Liviidae is a family of plant lice (order Hemiptera), with about 19 genera.

==Subfamilies and genera==
There have been various classifications of Psylloidea including that of Burckhardt and Ouvrard (2012); in the latest (2021) review, three monophyletic subfamilies were identified:

===Euphyllurinae===
Authority: Burckhardt D, Ouvrard D, Percy DM (2021)

1. Brachyphyllura
2. Crytophyllura
3. Eremopsylloides
4. Euphyllura (syn. Platystigma)
5. Ligustrinia
6. Megadicrania
7. Pachypsylloides
8. Peripsyllopsis
9. Psyllopsis
10. Strophingia
11. Shaerqia (syn.
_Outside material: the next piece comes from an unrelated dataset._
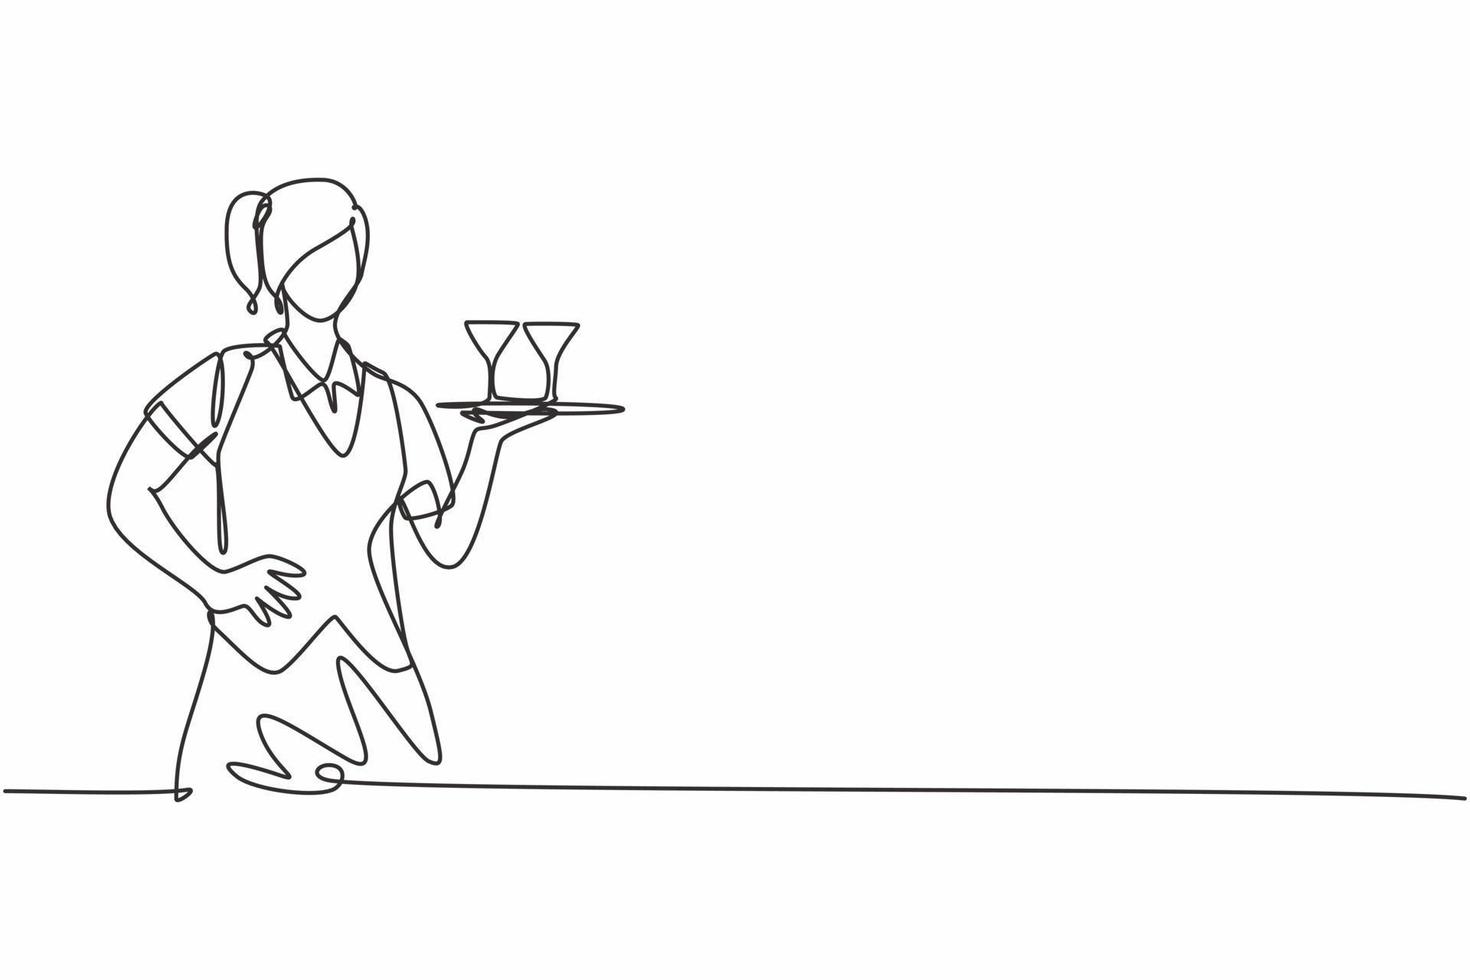 dibujo continuo de una línea de camarera joven que trae el vaso en la bandeja con las manos en la cadera. concepto minimalista de profesión de trabajo profesional. Ilustración gráfica de vector de diseño de dibujo de una sola línea
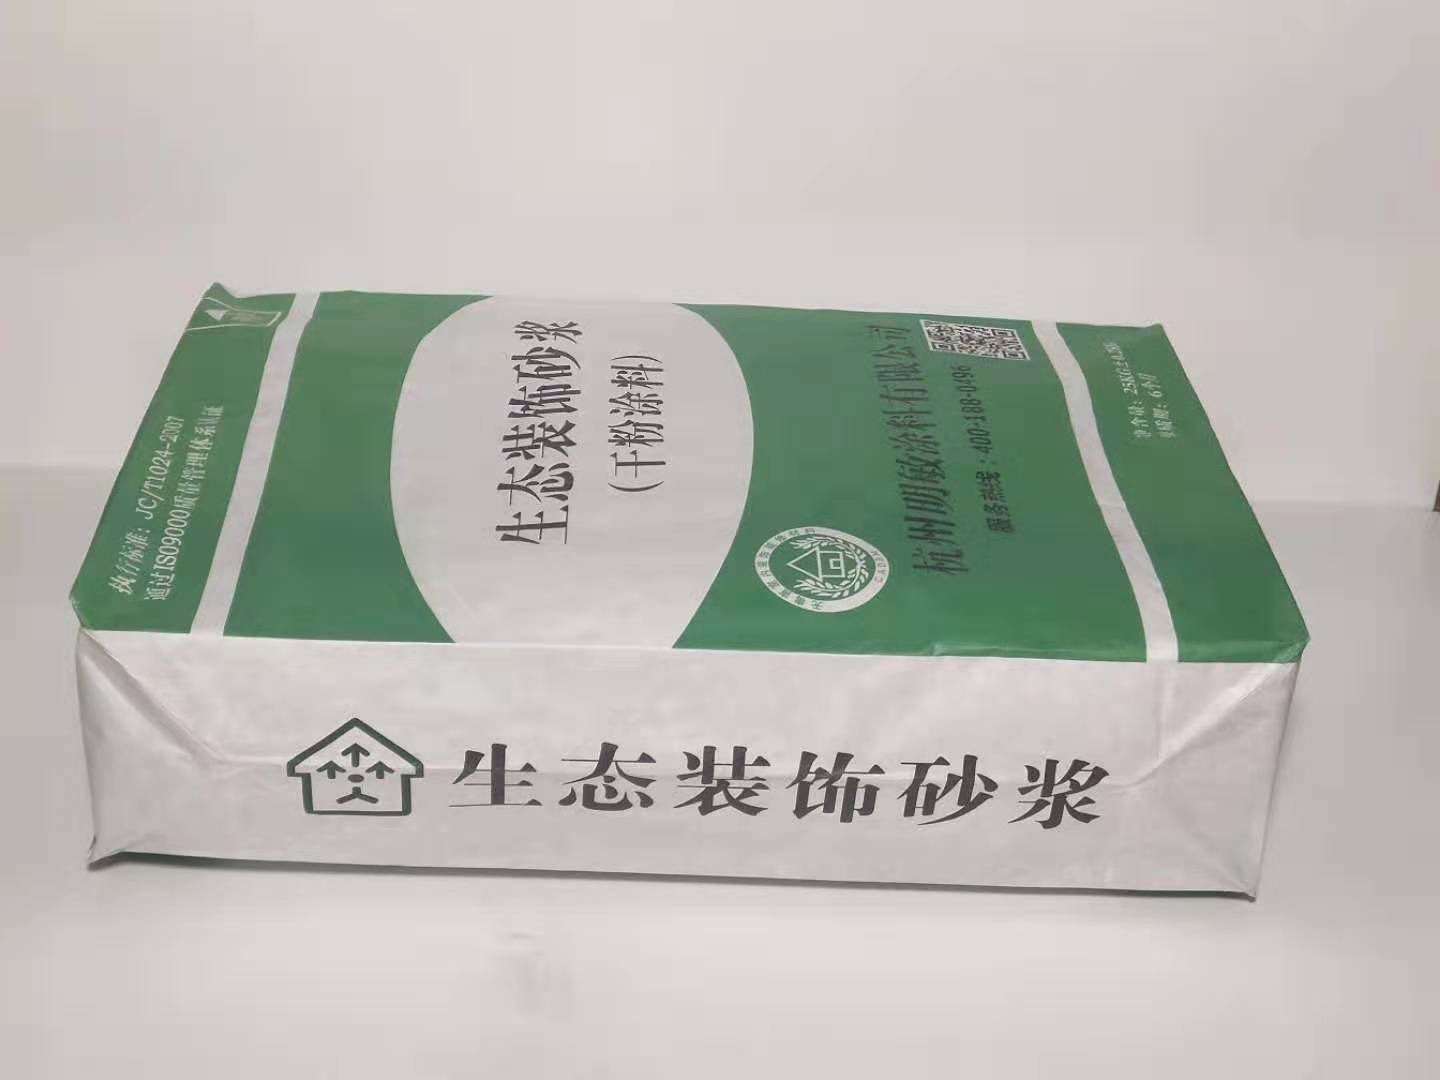 無機飾面砂漿價格_[杭州明敏公司]廠家生產無機飾面砂漿施工價格

Acaerus, Sureaca)
12. Syringilla

===Liviinae===
Authority: Löw, 1879; synonyms: Paurocephalini , Diclidophlebiini , Camarotosceninae , Liviini , Sinuonemopsyllinae
1. Aphorma (synonym Leprostictopsylla)
2. Camarotoscena
3. Diclidophlebia (synonyms include Haplaphalara)
4. Livia (synonyms Diraphia, Diraphia, Vailakiella)
5. Paurocephala (synonyms include Thoracocorna)
6. Syntomoza (synonyms Anomoterga, Homalocephala)

- Neophyllurinae (monotypic subfamily)
7. Neophyllura

Note: in the same review, a number of genera were transferred to Psyllidae, including the subfamilies Ciriacreminae (3 genera), Diaphorininae (2 genera), Katacephalinae subfam. nov. (4 genera) and the genus Cornopsylla to the Psyllinae.